Index construction process based on transformation

Next, the Hilbert R-tree index is constructed bottom-up based on the ascending Hilbert cell values. The DO then encrypts the Hilbert R-tree internal nodes and Hilbert values in leaf nodes using OPE, while the data points in the leaf nodes are encrypted using AES before being outsourced to the CSP, since it is not a trusted entity. This protects the sensitive data from being leaked by the CSP (i.e. to third-party vendors). The CSP does not have the ability to decrypt the encrypted data without the secret keys. The DO sends the transformation and encryption keys only to TUs.
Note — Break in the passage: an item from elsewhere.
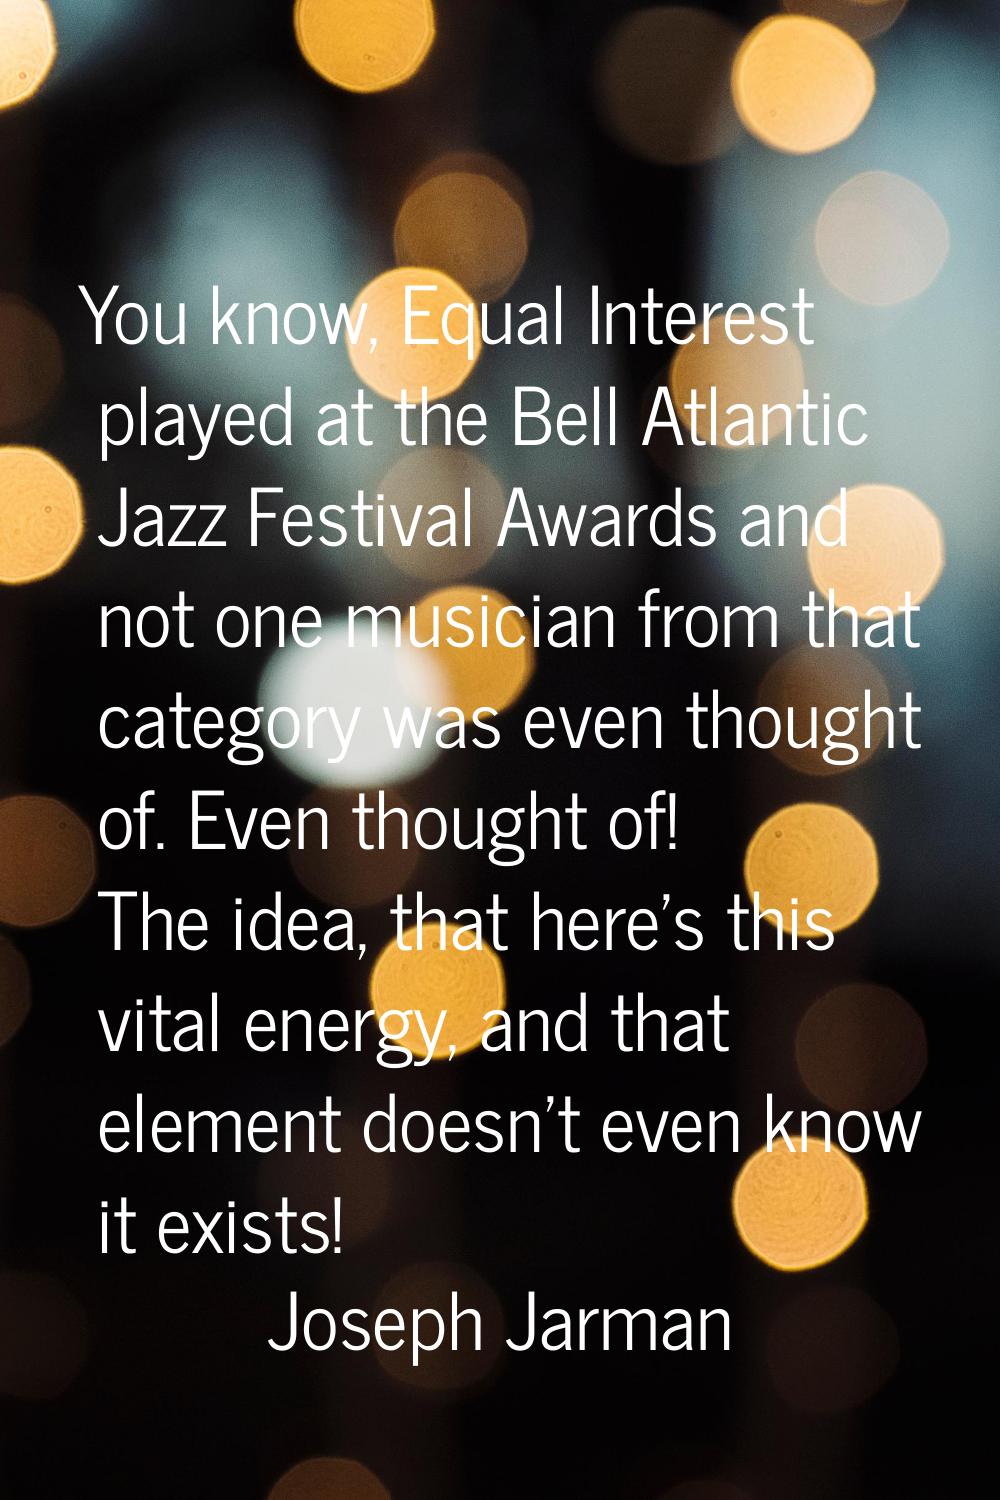 You know, Equal Interest played at the Bell Atlantic Jazz Festival Awards and not one musician from

The encrypted index and data points at the CSP are shown in Fig. 3. The leaf and non-leaf nodes are encrypted using OPE [enclosed in a red dashed box] to support range queries and dynamic updates, while the data points in the leaf nodes [enclosed in the blue solid box] are encrypted individually using the secure and traditional encryption scheme, AES [13]. The parent-children relationships (i.e. pointers) in the index are not encrypted in order to allow efficient query search. Additionally, the DO sends the OPE key and the AES key to the TUs so that they can send encrypted queries to the CSP and decrypt the returned query results.

Algorithm 1 lists the pseudo-code for the dynamic index construction process. In the first loop (Lines 1–4), each spatial data point d i in D is normalized to [0,1]2 and then its Hilbert cell value is computed using the Hilbert transformation function, F HSK , based on the Hilbert Space Key. In Line 5, the resulting Hilbert cell values for all data points are stored in C and sorted before building the Hilbert R-tree Index (Line 6). Lines 7–12: all the nodes in the tree are encrypted. If it is an internal node, MBR and LHVs are encrypted using the OPE scheme to allow for comparisons on the encrypted data. While, data points in the leaf nodes are encrypted using AES. Lastly (Line 13), the index is outsourced to the Cloud Service Provider.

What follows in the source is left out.